Lady Henry had been planting a tree, a crab apple, and had had to change her shoes in the back of the car. Lady Henry was much in demand. She had few obvious qualifications but she arrived in a Bentley, wore pearls and a hat and her name looked well in school magazines and local papers whenever she presented a cup or cut a ribbon or let tiny crumbs of mortar trickle from the blades of gilded ceremonial trowels.

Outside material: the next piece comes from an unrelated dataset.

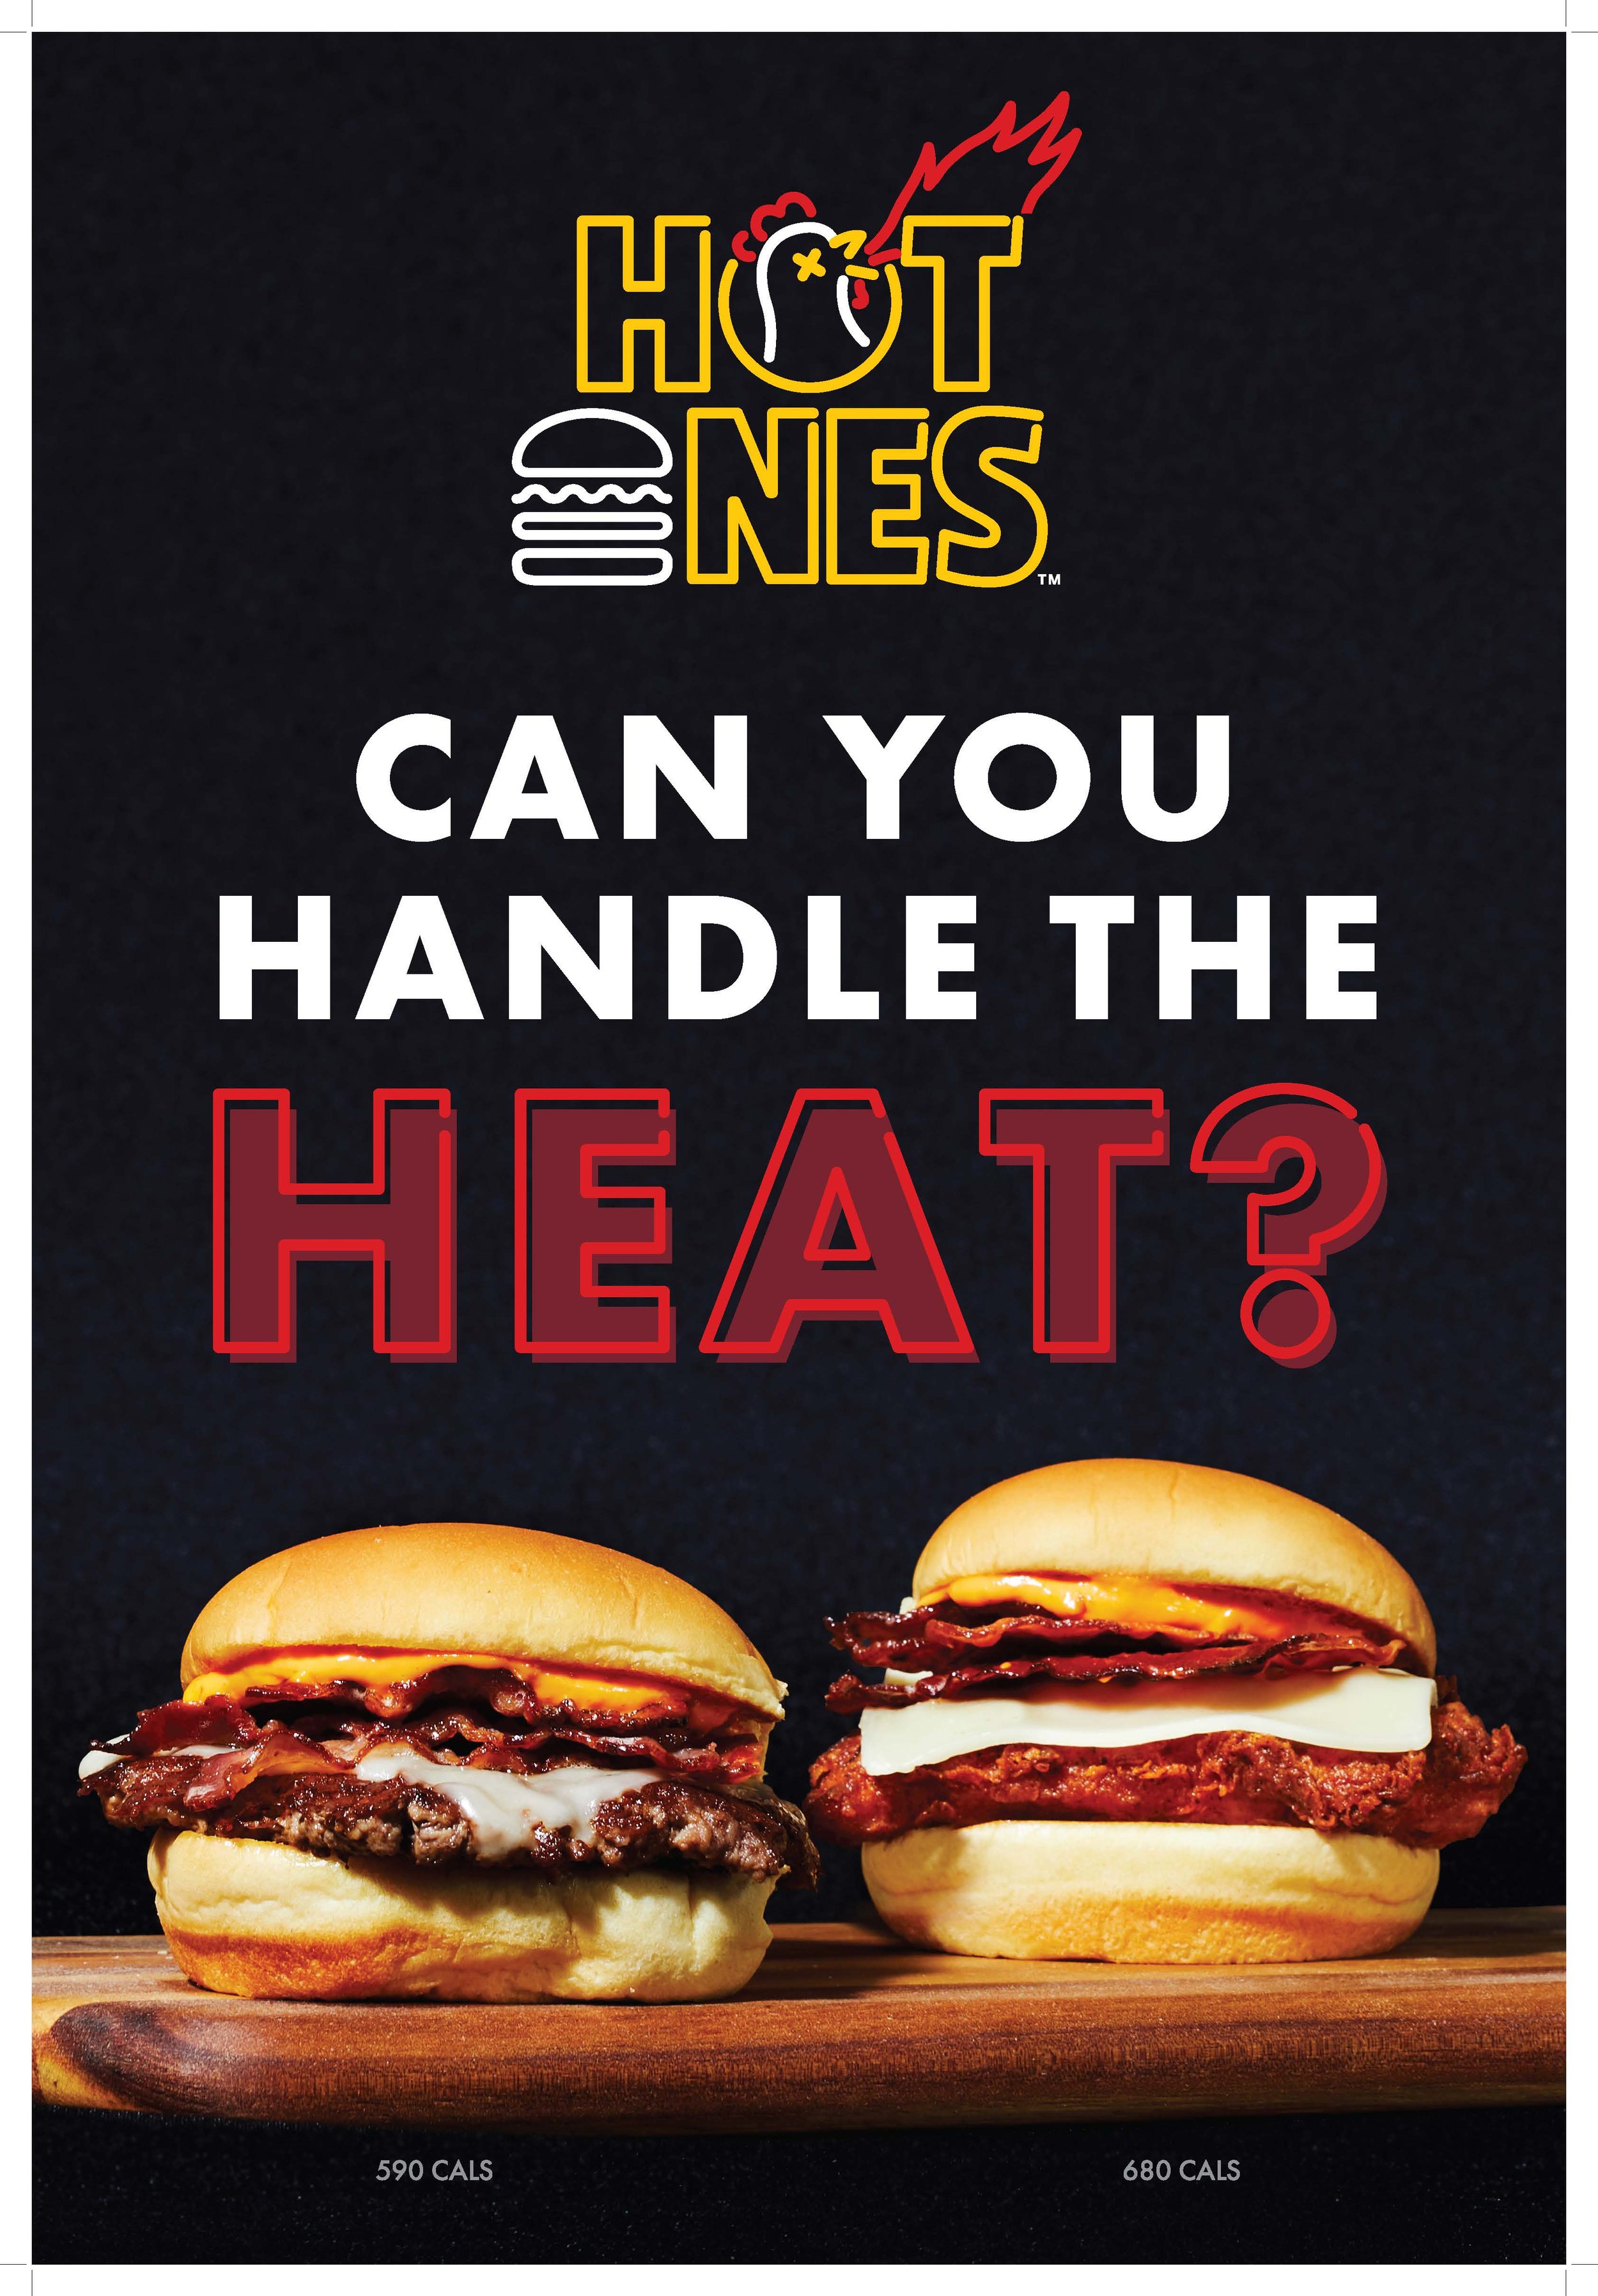 Shake Shack x Hot Ones Collab Campaign
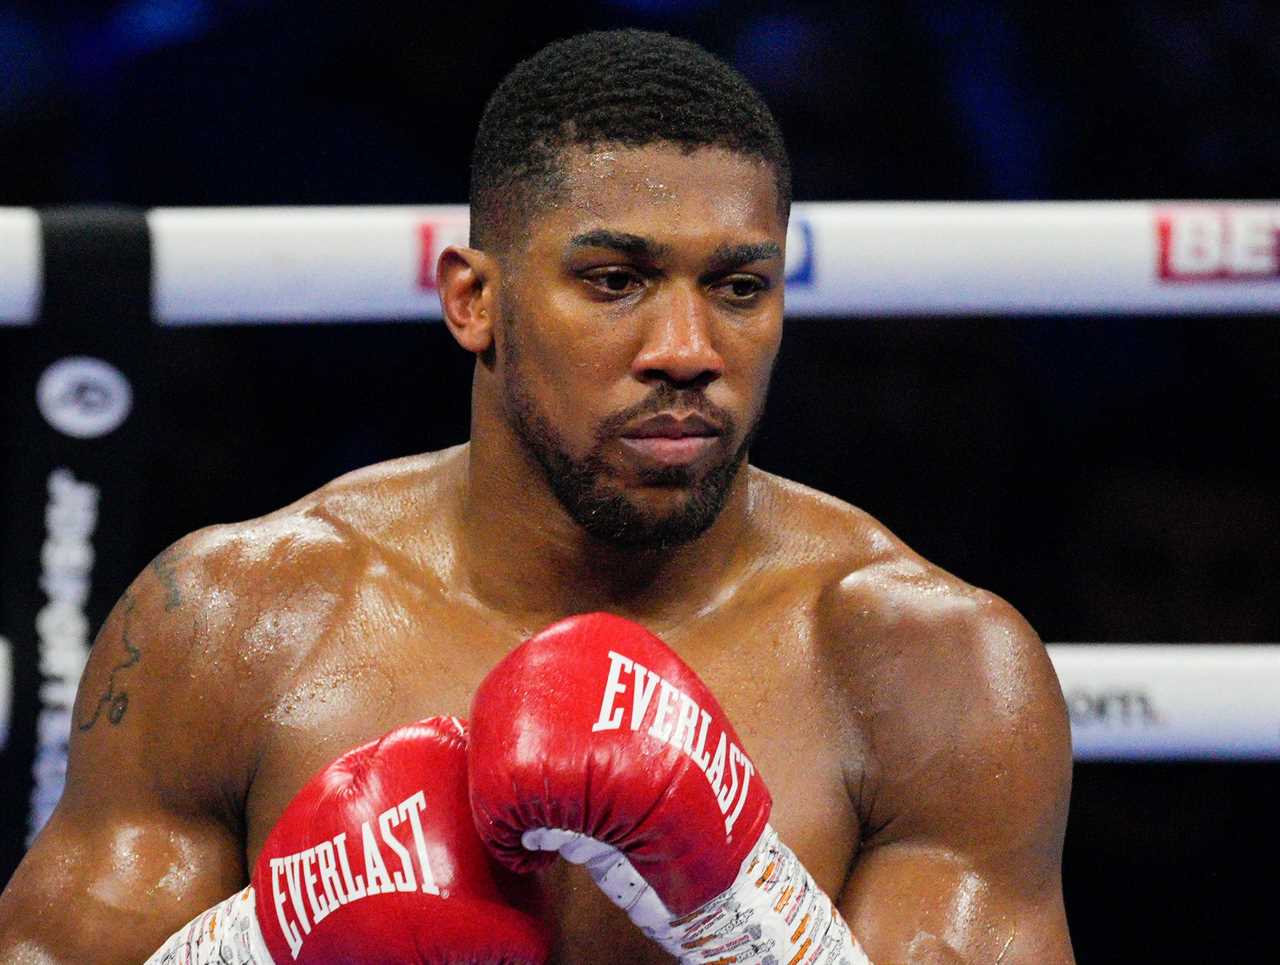 Anthony Joshua is called out as a'sleepy man' by an unbeaten heavyweight opponent and told he'll be 'destroyed.'

The headmistress took the floor, her gown flowing impressively over her tweeds, her blue-black hair held in tight, cartoonish waves by the best part of a can of lacquer, the gas cabinet pong cut with a few dabs of long-fermented
Blue Grass
. Applause was the life-blood of any Founder’s Day. Dr O’Brien, like Julia (and unlike Mrs Mostyn), had learned precisely how best to harness the energies of four hundred bored but excitable adolescent girls: noise and plenty of it. Like a music hall barker, she began to talk up the delights of their guest – distinguished, tireless charity work, active on many committees, a true Fawcettian and so on – and cranked up a fairly respectable ovation as Lady Henry’s clean navy courts made their way to the platform where she was installed behind a refectory table, its lino hidden by a length of red plush from the drama cupboard and dotted with a burglar’s wet dream of silver plate.